Cognisant of the rising environmental impact from consumer packaging waste, industry leaders in FMCG recently formed the Malaysian Recycling Alliance (Marea).

It is a voluntary industry-led EPR group of like-minded companies that focus on significantly improving collection and recycling of post-consumer packaging.

Marea comprises 10 initial members — Coca-Cola Malaysia, Colgate-Palmolive Malaysia, Dutch Lady Milk Industries, Etika Group of Companies, Fraser & Neave Holdings Bhd, Mondelez International, Nestle Malaysia, Spritzer, Tetra Pak Malaysia and Unilever Malaysia.

It aims to enhance collection, promote the use of recycled and renewable materials as well as minimise post-consumer packaging leakage into the environment.

Shopping online

Our mounting waste problem has been exacerbated by the Covid-19 pandemic, including the compulsory use of face masks.

“It is estimated that Malaysians used 7.04 million face masks daily during the pandemic last year,” said Hema.

“Most disposable face masks contain plastic and its widespread use has increased plastic waste,” she said.

The popularity of online platforms for food and retail has also led to an increase in the usage of plastics.

Food delivery and online shopping use a lot of plastic packaging in the delivery process, including plastic containers and plastic such as bubble wrap for packaging, shipping and packing.

Malaysia is leading the pack, with a study showing that we have the highest percentage of digital consumers in South-East Asia.

A total of 83% of our population (aged 15 and above) counted as digital consumers in 2020, according to a joint study by Bain & Company and Facebook, said Hema.
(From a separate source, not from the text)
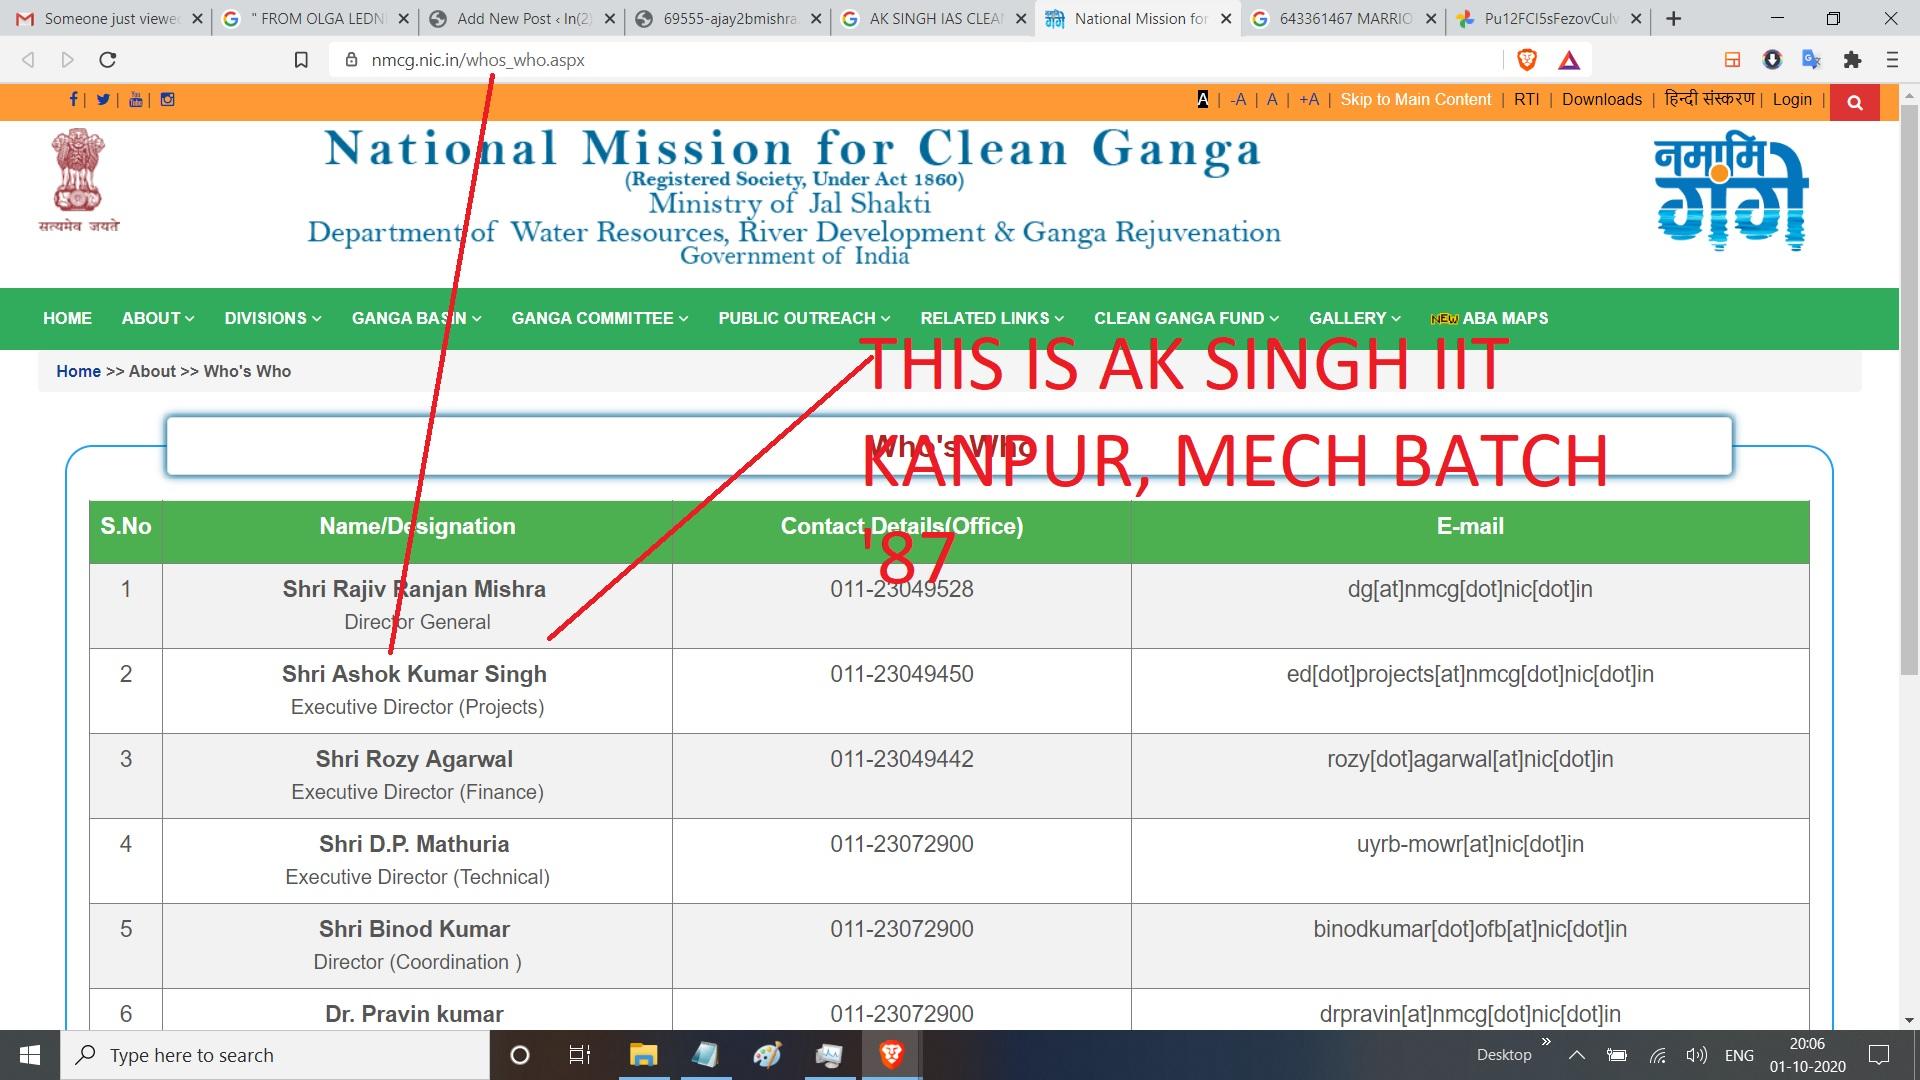 AK SNIGH GANGA CLEAN PROJECT -REGARDS AJAY - MISHRA - IIT K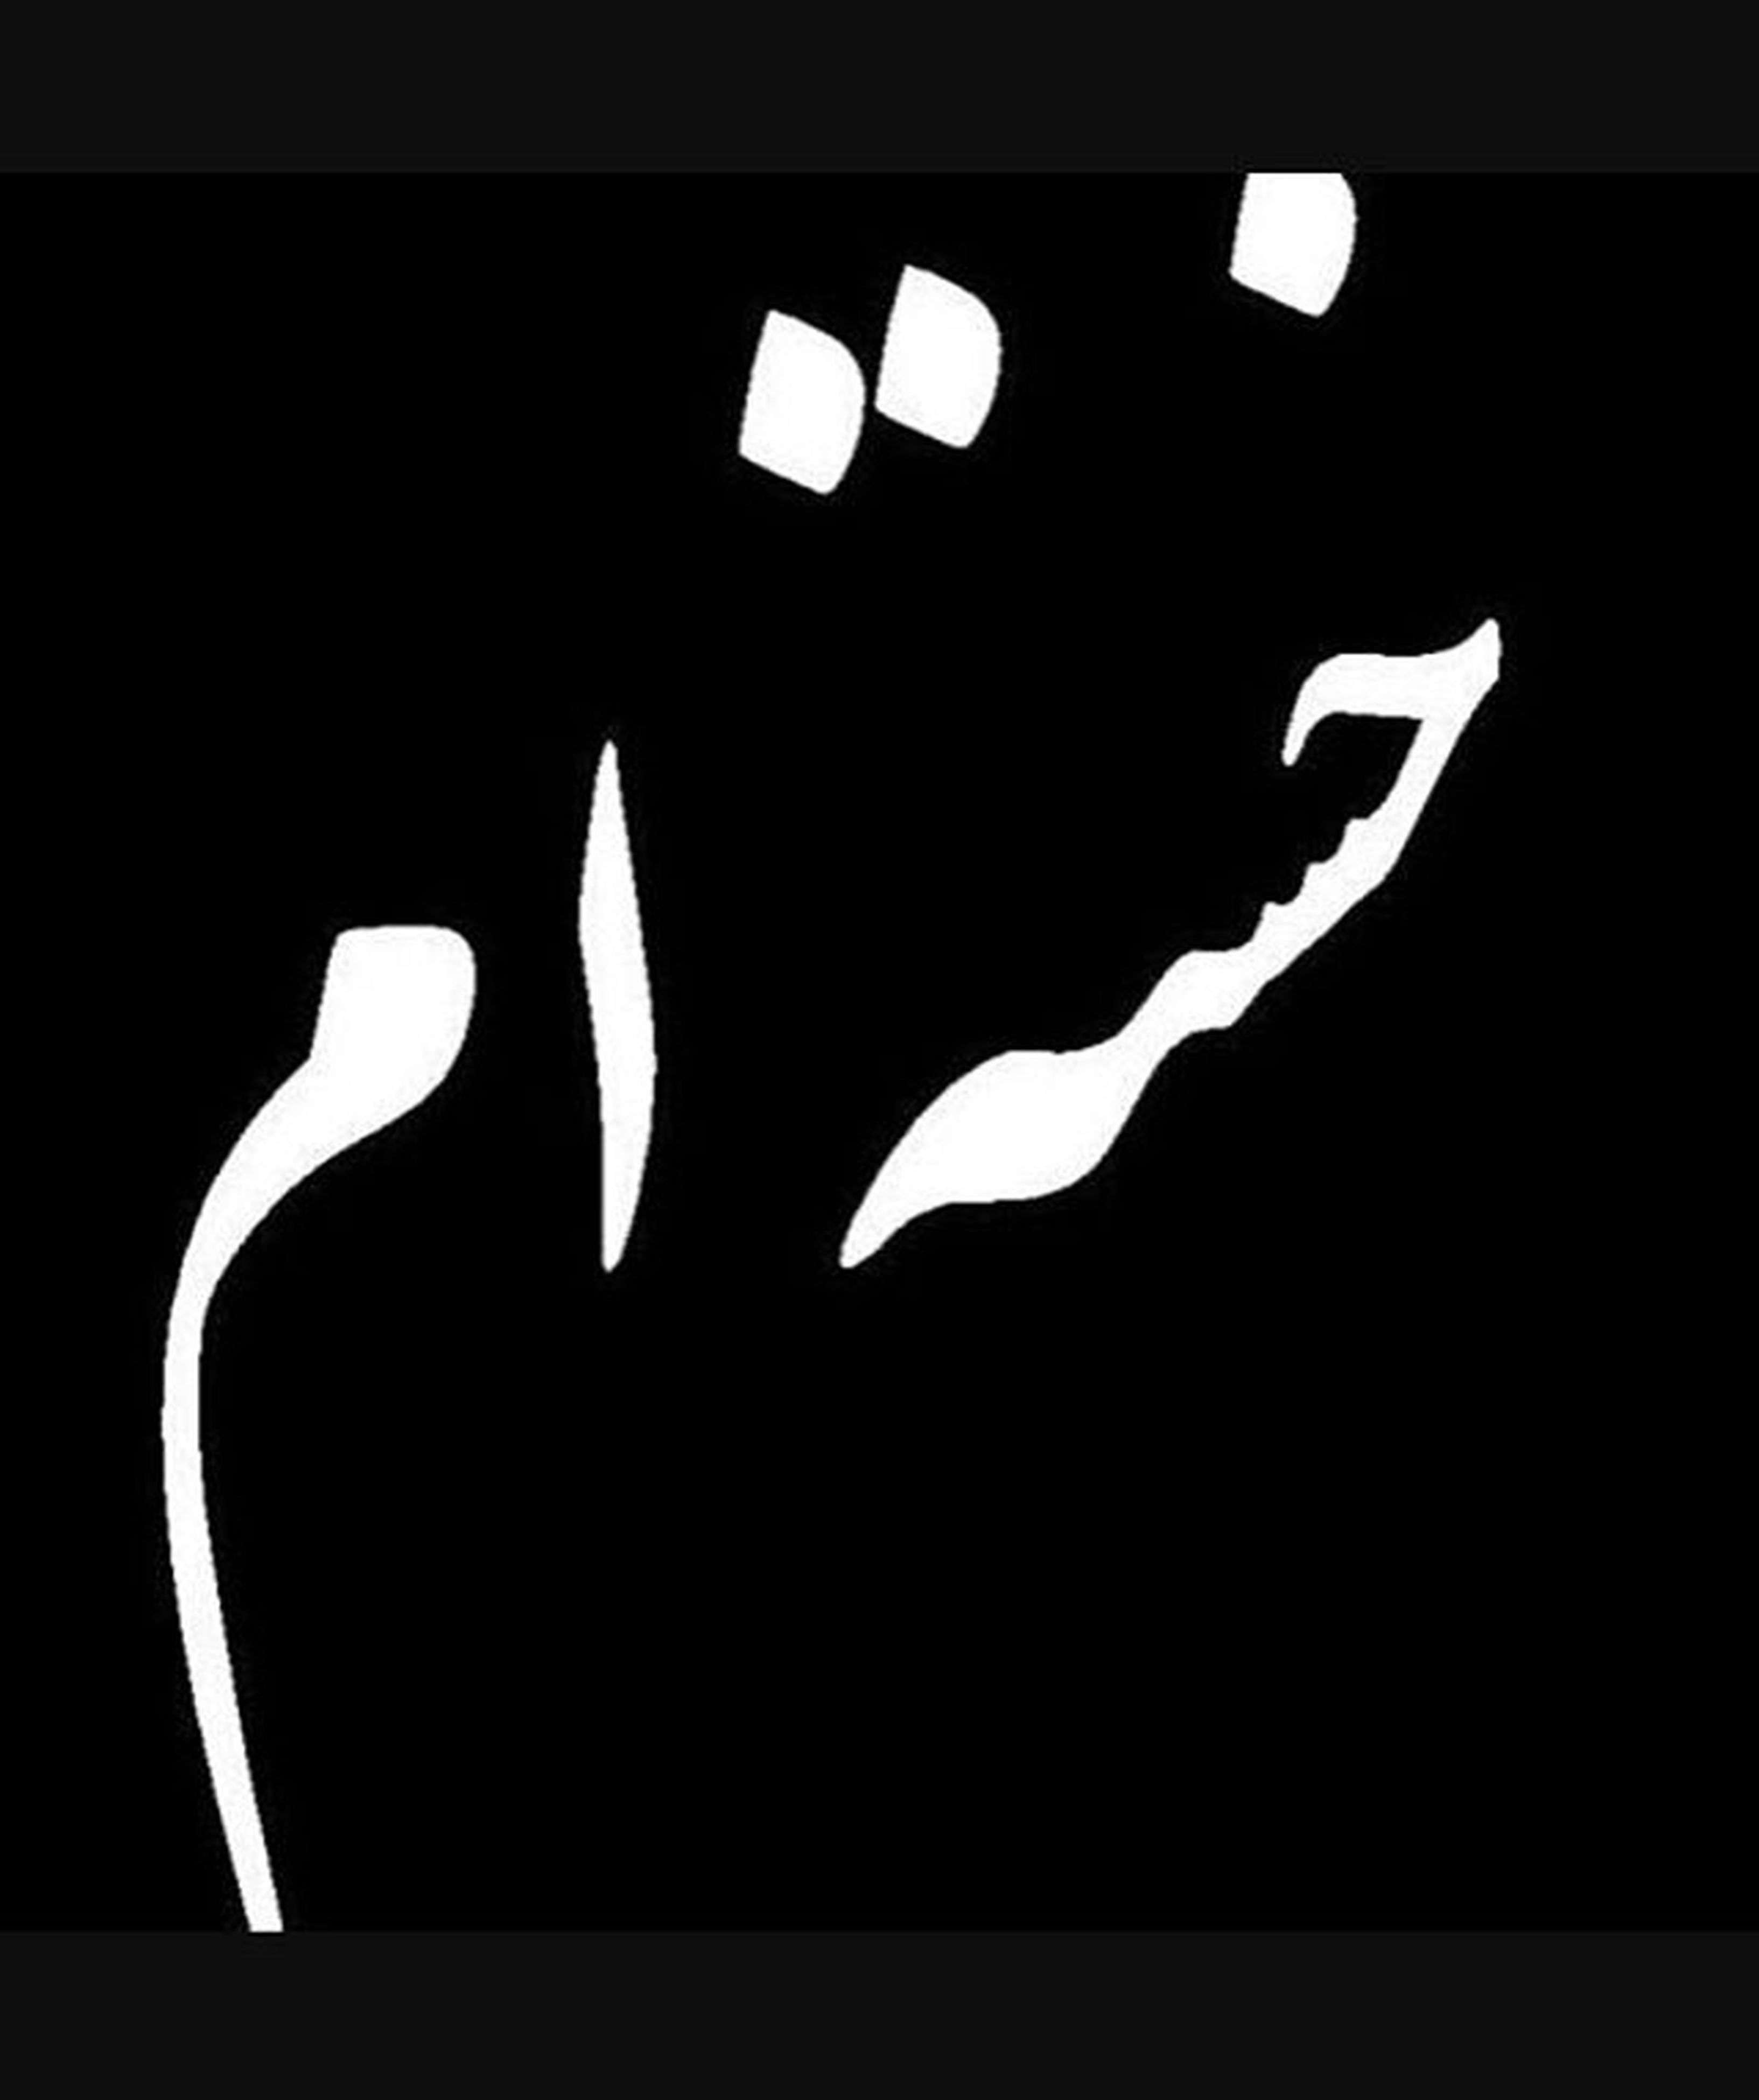 indoors, illuminated, night, human representation, dark, close-up, black background, art, creativity, studio shot, text, art and craft, copy space, western script, no people, auto post production filter, communication, animal representation, silhouette, light - natural phenomenon

“The study also noted that Malaysians are not just spending more money through online shopping compared to 2019, they are also spending more in different categories — from essentials to retail therapy — due to the movement restrictions and closure of physical stores.”

On changing behaviour, Hema said segregating waste was an important part of the process.

“None of us are perfect. It is quite difficult to avoid plastic at times, which is where waste segregation comes in.

“This is especially true when it comes to recyclable items.

“Keep a separate waste bin specifically for recyclable items,” she said.

However, recycling should always be the last option as contaminated single-use plastic products cannot be recycled.

“Instead, we should first exhaust all efforts in reducing our use of plastic altogether,” Hema concluded.